Universal Approximation with Fixed Layer

71 Views Asked by At

Fix an activation function $\sigma$, and denote the class of all Neural-networks from $\mathbb{R}\rightarrow\mathbb{R}$ defined by this activation function by $NN^{\sigma}$.

The classical universal approximation theorem for neural networks on $C([0,1];\mathbb{R})$, states that for a fixed nice activation function $\sigma$, any $f\in C([0,1];\mathbb{R})$ and any $\epsilon >0$, there exists some $f_{\epsilon} \in NN^{\sigma}$ satsifying \begin{equation} \sup_{x \in [0,1]} |f_{\epsilon}(x)-f(x)|\leq \epsilon. \label{eq_1} \end{equation} Moreover, only $1$ layer is needed.

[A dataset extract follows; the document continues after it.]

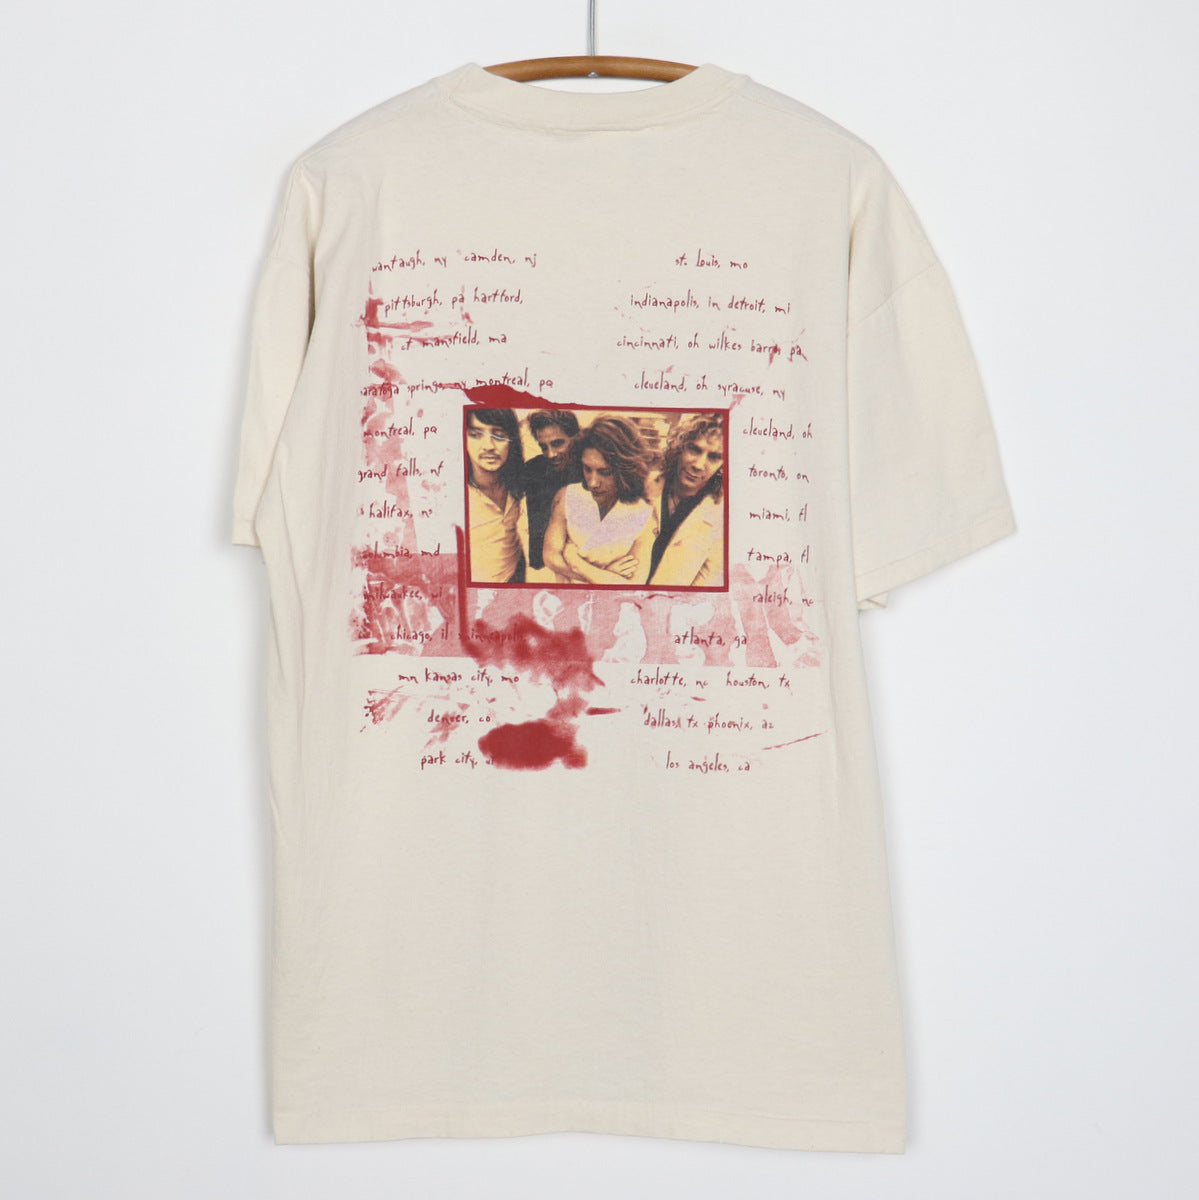 1995 Bon Jovi Tour Shirt

My question is, if we instead consider all the neural networks of arbitrary depth but fixed layer, can we still obtain universal approximation, but only by this subset?

1

There are 1 best solutions below

2
On

Let's assume $NN^{\sigma}$ is a set of arbitrarily deep feedforward networks with ReLU activation function and all its layers have constant width $H$.

1) If $H>1$ (more than 1 neuron in each layer), then indeed the universal approximation property holds: $\forall f\in C([0,1];\mathbb{R})~~ \forall \varepsilon > 0 ~~ \exists f_{\varepsilon} \in NN^{\sigma}~~ \sup_{x \in [0,1]} |f_{\epsilon}(x)-f(x)|\leq \epsilon$.

2) If $H=1$ (only 1 neuron in each layer), then there is a function in $C([0, 1]; \mathbb{R})$ which can't be approximated in this way. So the universal approximation property does not hold.

This is a special case of the result obtained by Hanin and Sellke in 2017. In general it states that the approximation property holds if and only if layer width is strictly larger than input dimension $\nu$.

As of 2019, a number of connected open problems still stand (source: lecture notes from deep learning theory course by D. Yarotsky):

1) Even though in the case of $H=\nu$ approximation property is not universal anymore (it doesn't hold for all functions in $C([0,1];\mathbb{R})$), what are the necessary and sufficient conditions for a function to be approximable with such a network?

2) What are minimal widths of networks for other activation functions?